=== WHAT YOU WILL DO ===
Could you print the listing again exactly, omitting the pictures?

=== TASK DATA ===
****************************************

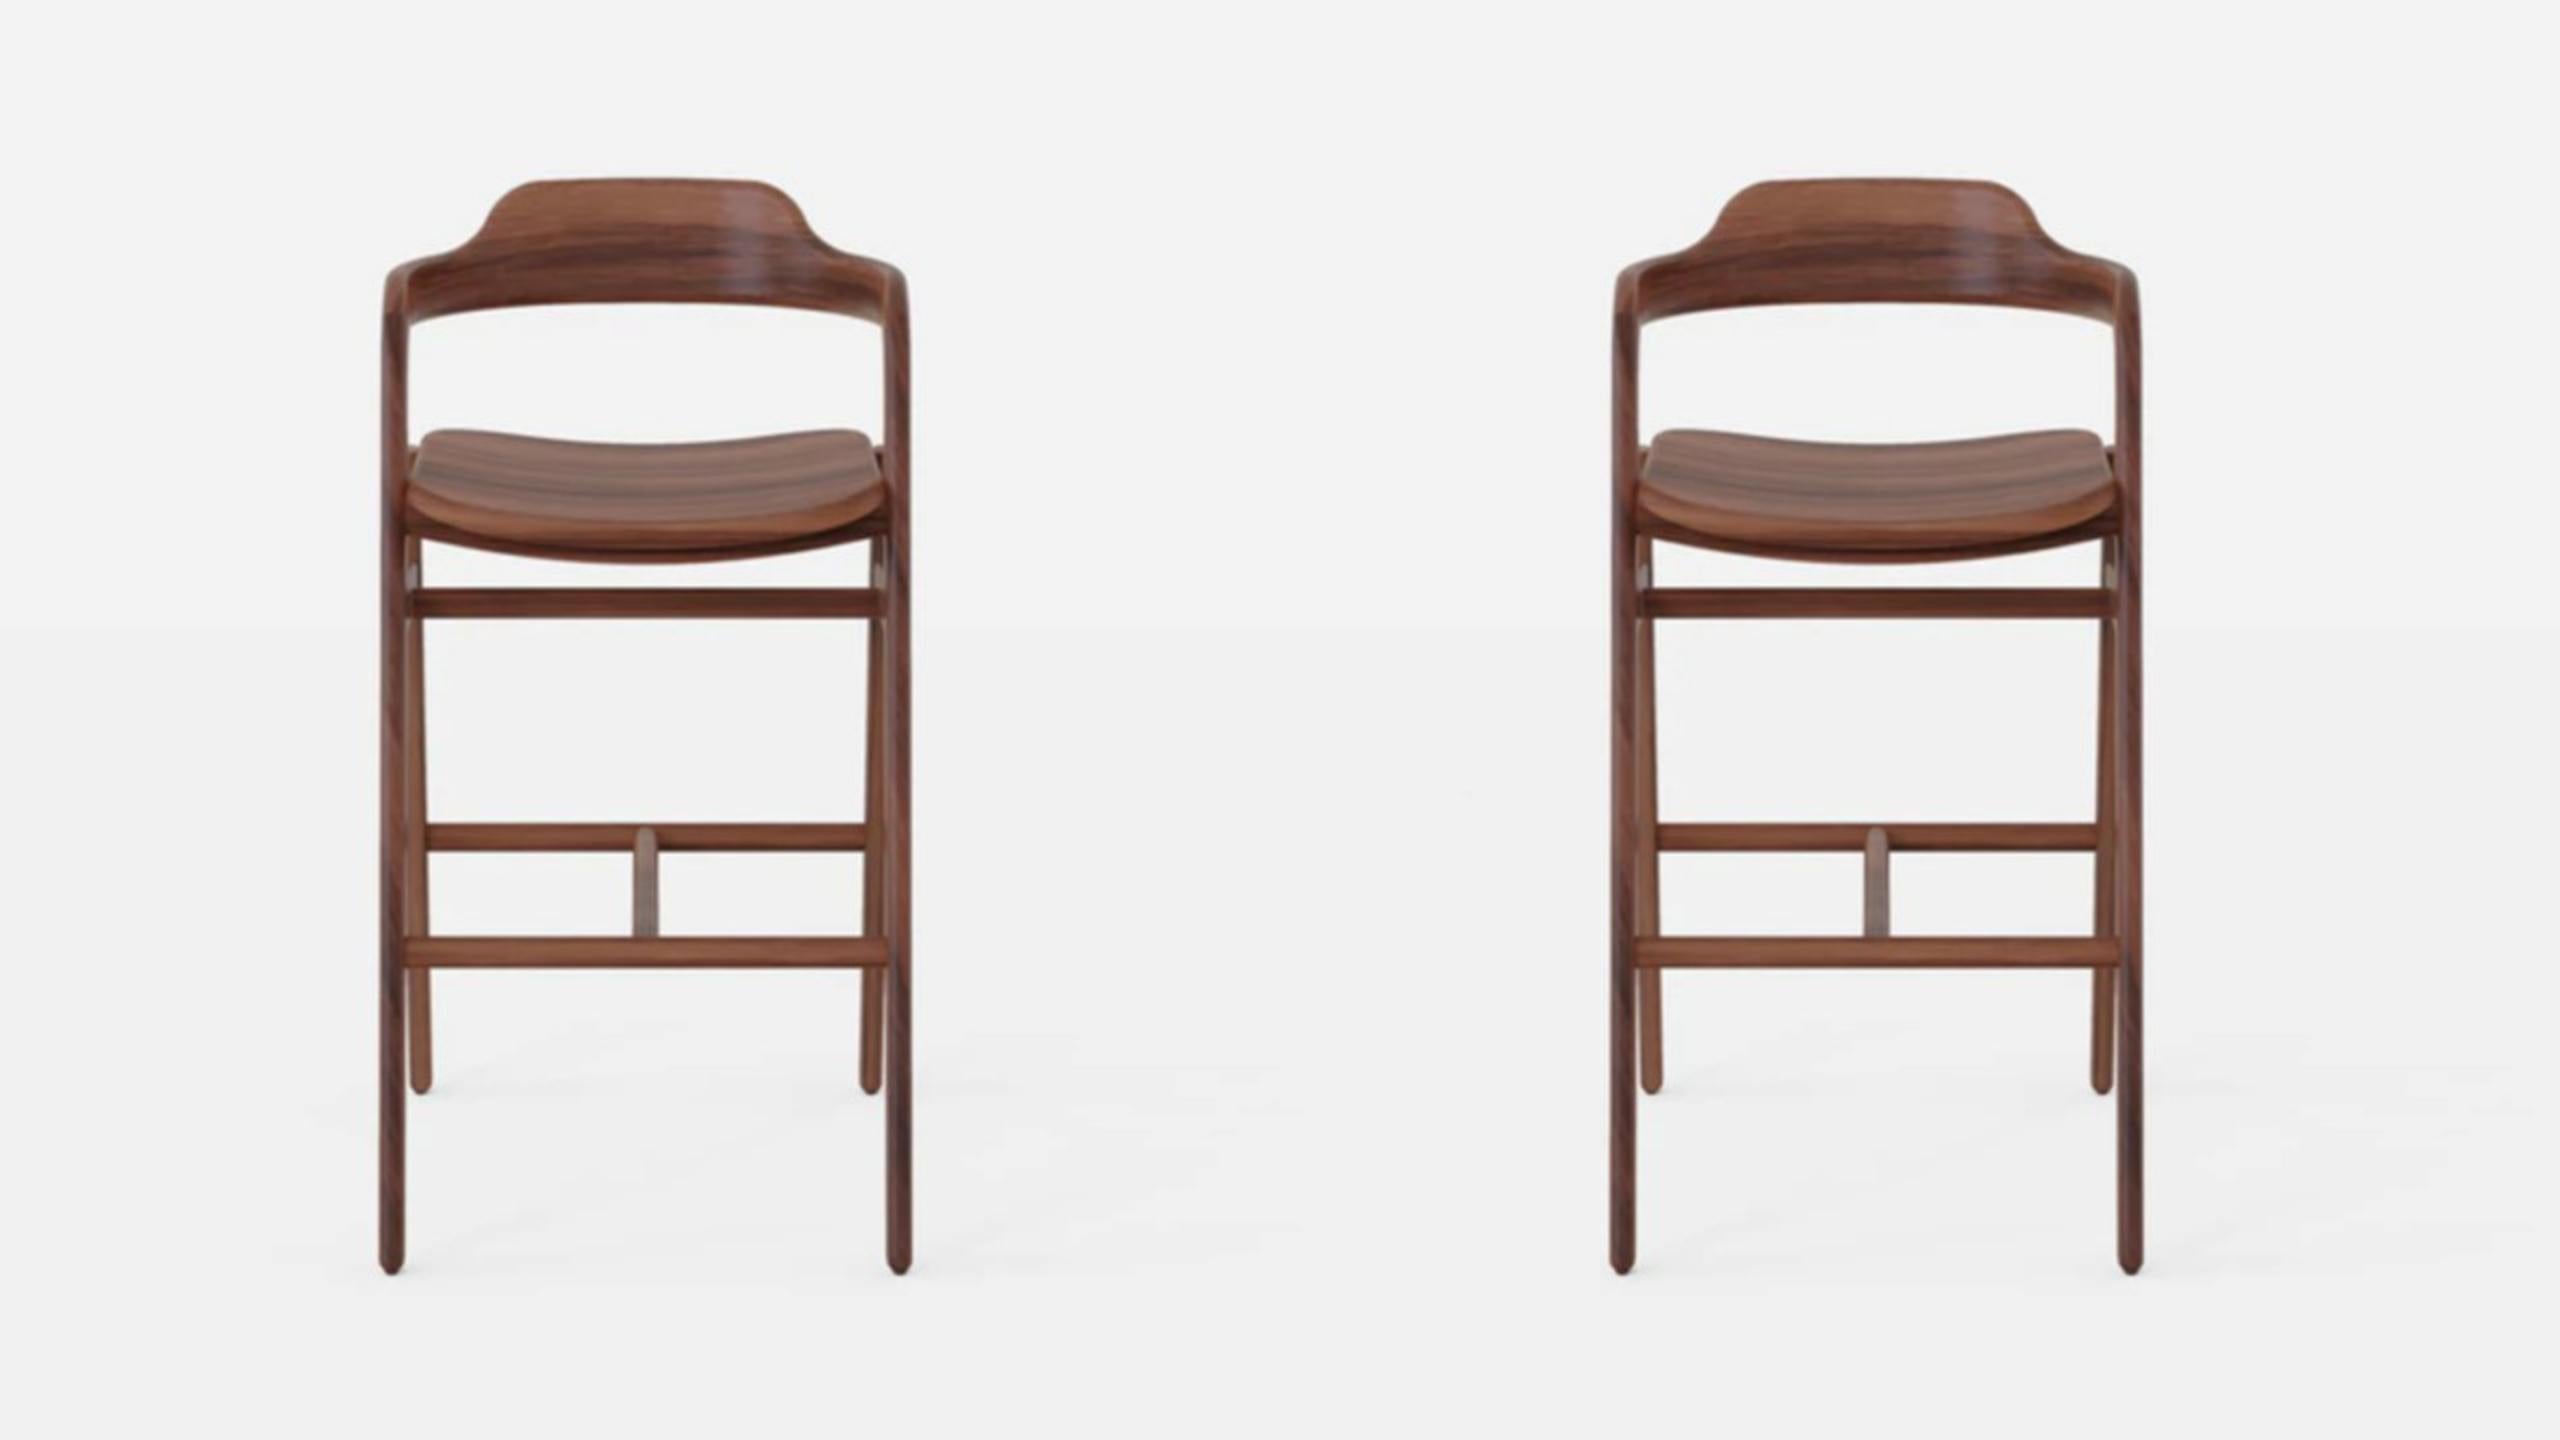 Ensemble de 2 chaises hautes équilibrées par Sebastián Angeles
Matériau : Noyer
Dimensions : L 45 x P 40 x 100 cm
Également disponible : Autres couleurs disponibles

L'amour des processus, les propriétés des matériaux, les détails et les concepts
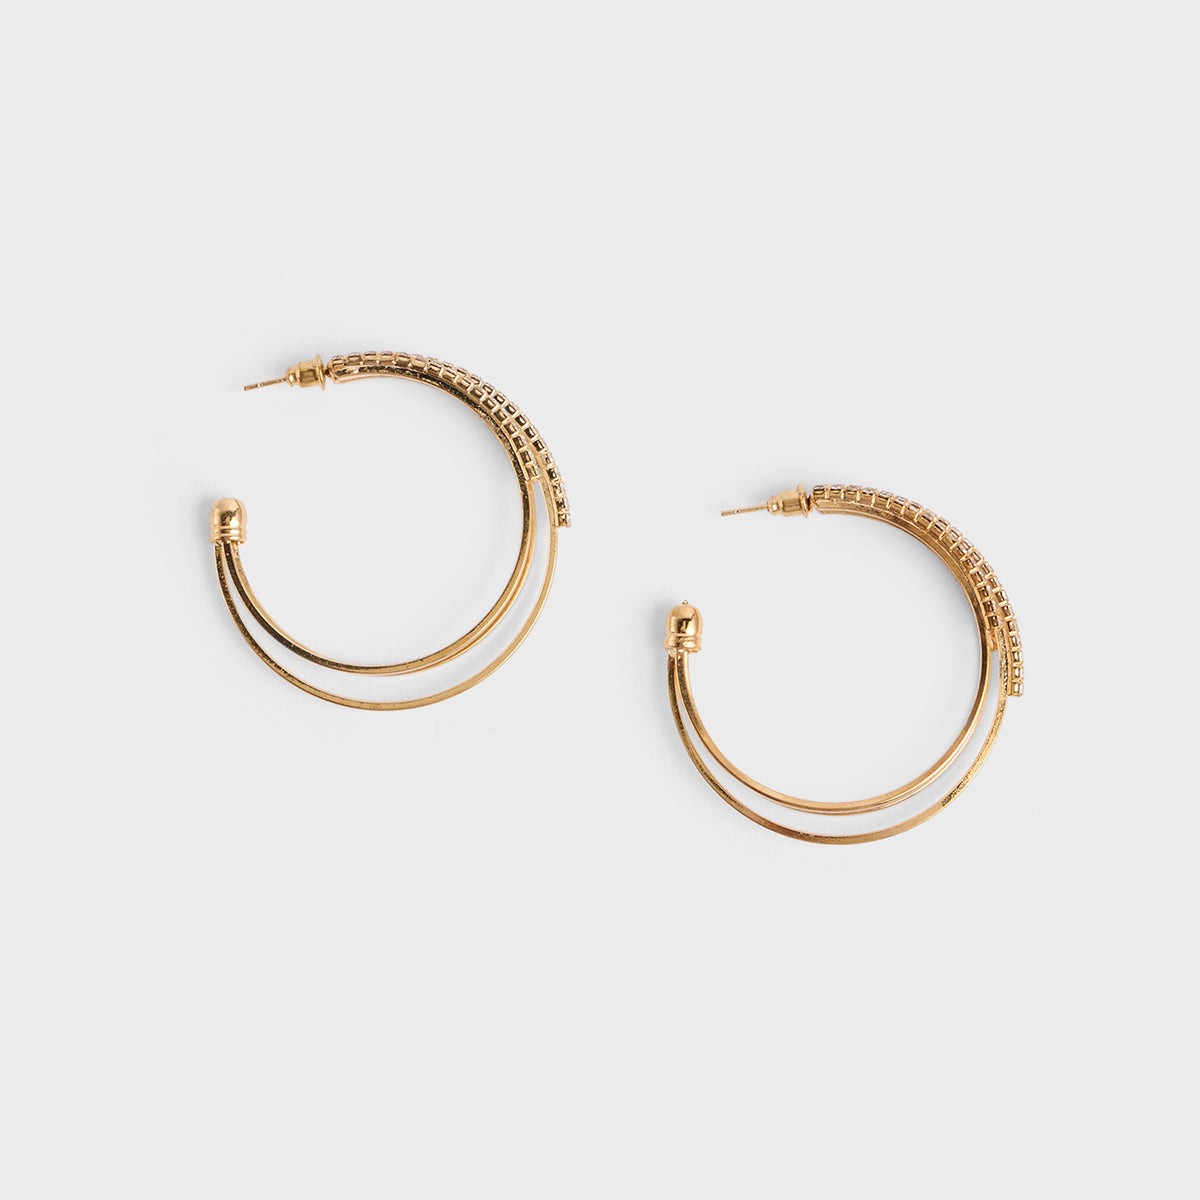 Jaren Hammered Gold Hoop Earrings Jewellery India Online - CaratLane.com
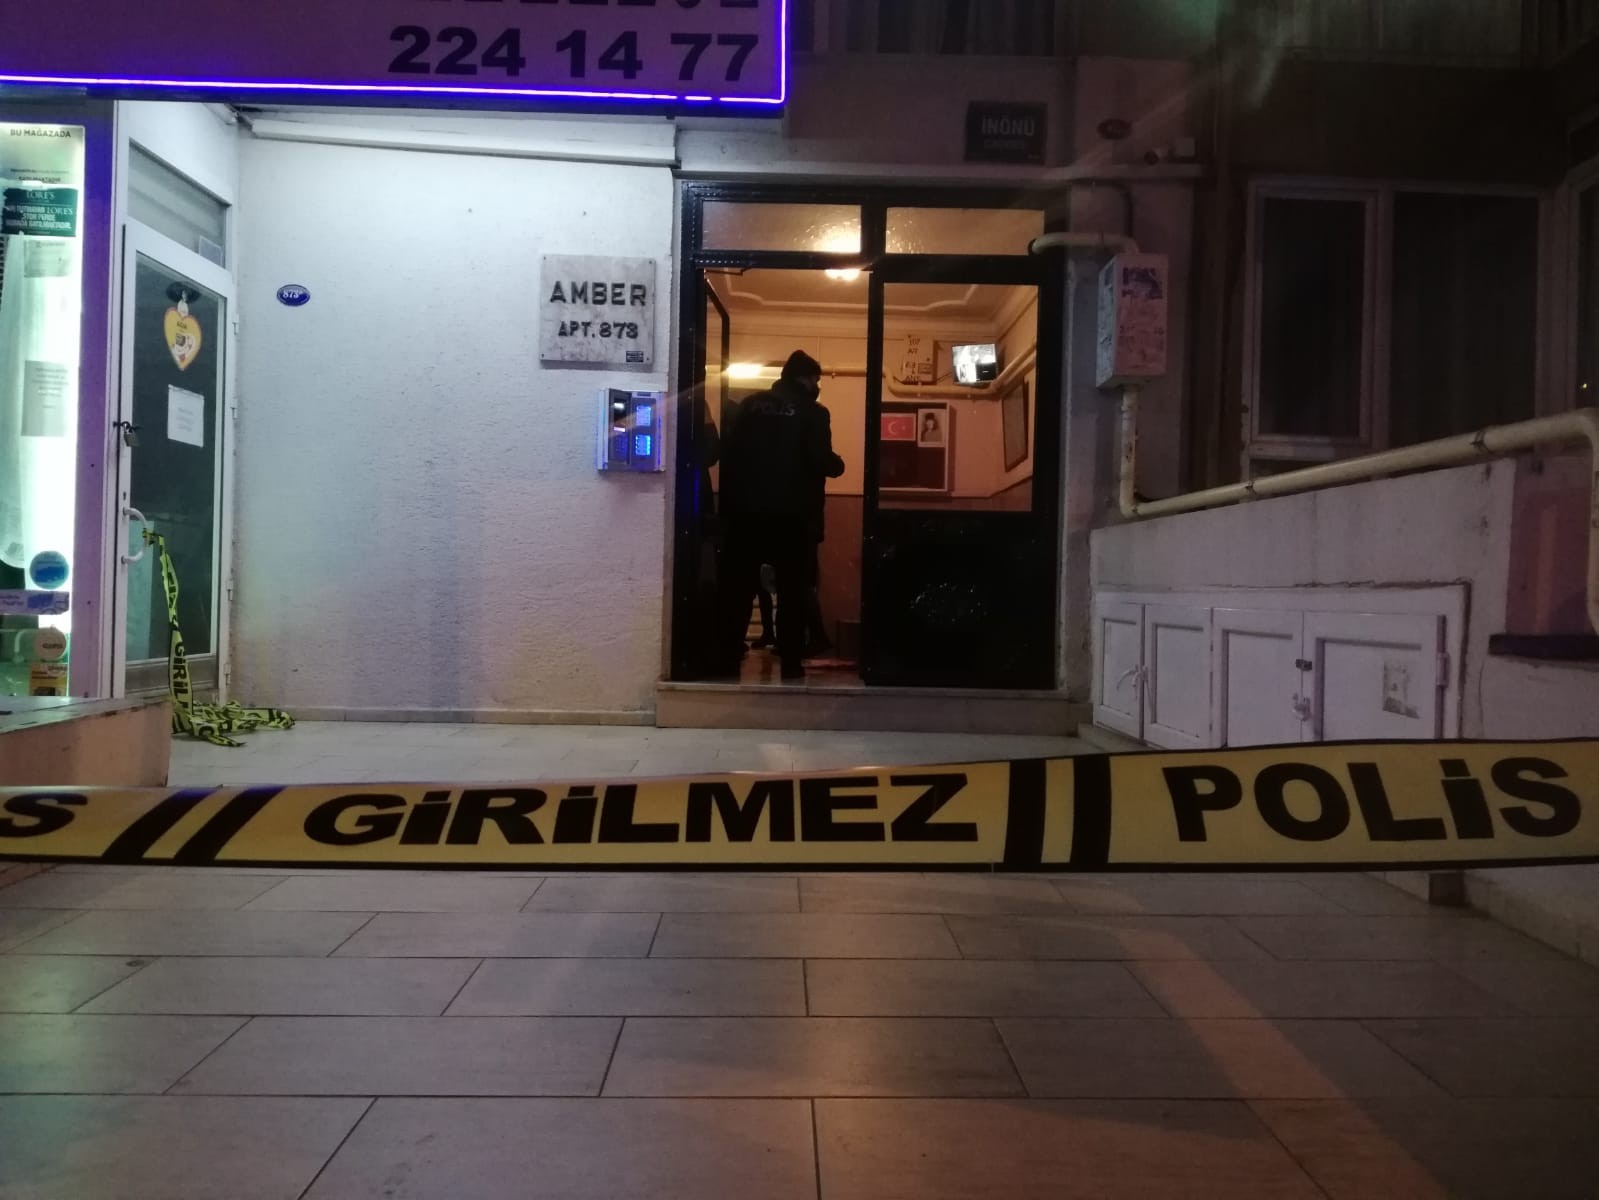 İzmir’de trans birey yaşadığı binanın girişinde ölü bulundu #izmir
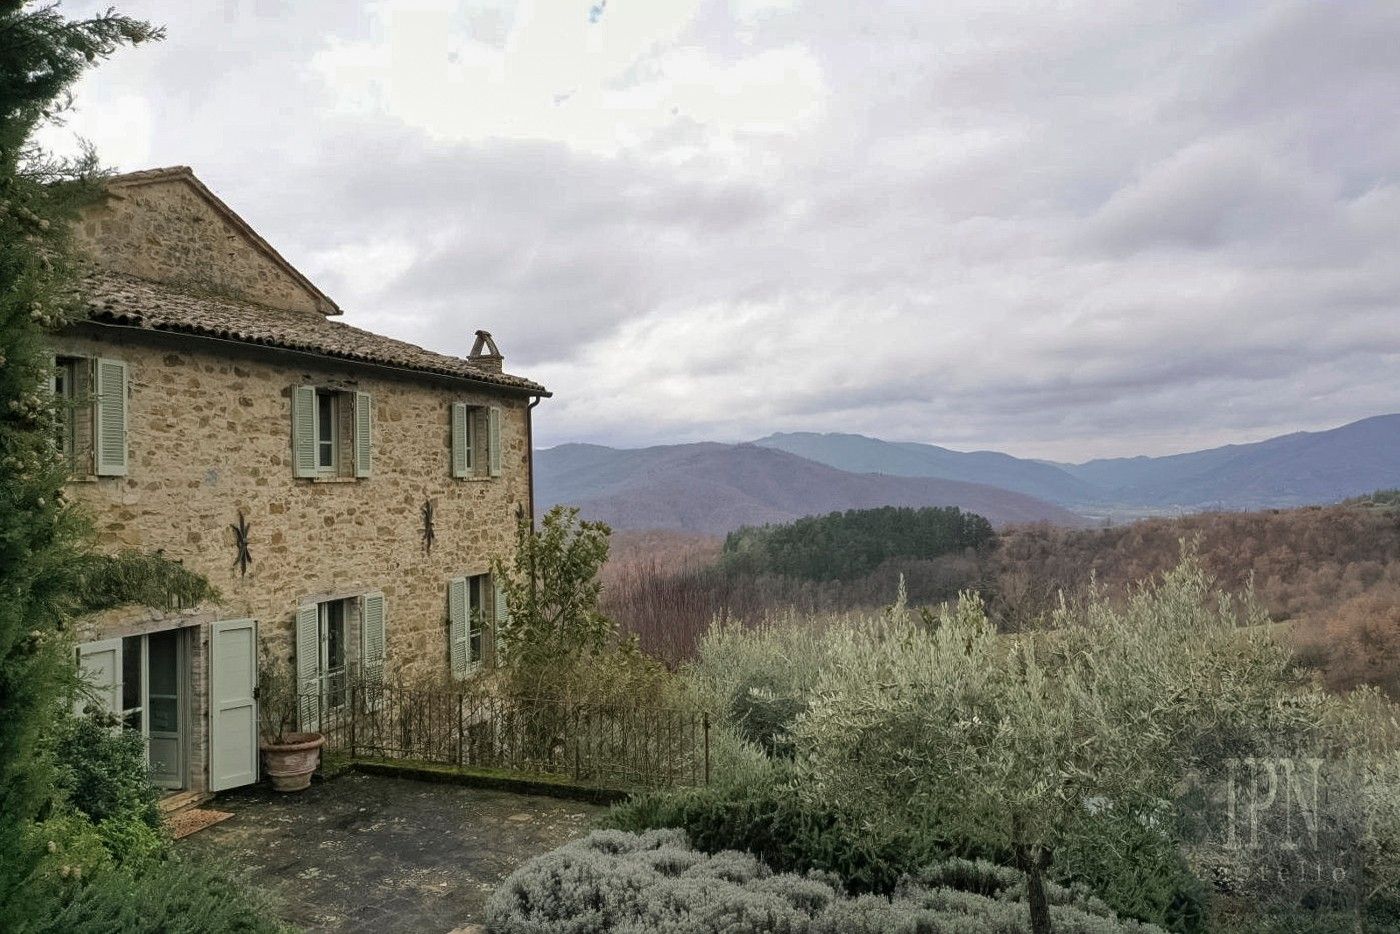 Zdjęcia Umbria w najlepszym wydaniu: Zabytkowy dom pełen charakteru

****************************************

=== RESULT FOR THIS TASK ===
 Ensemble de 2 chaises hautes équilibrées par Sebastián Angeles
Matériau : Noyer
Dimensions : L 45 x P 40 x 100 cm
Également disponible : Autres couleurs disponibles

L'amour des processus, les propriétés des matériaux, les détails et les concepts
 Jaren Hammered Gold Hoop Earrings Jewellery India Online - CaratLane.com
 İzmir’de trans birey yaşadığı binanın girişinde ölü bulundu #izmir
 Zdjęcia Umbria w najlepszym wydaniu: Zabytkowy dom pełen charakteru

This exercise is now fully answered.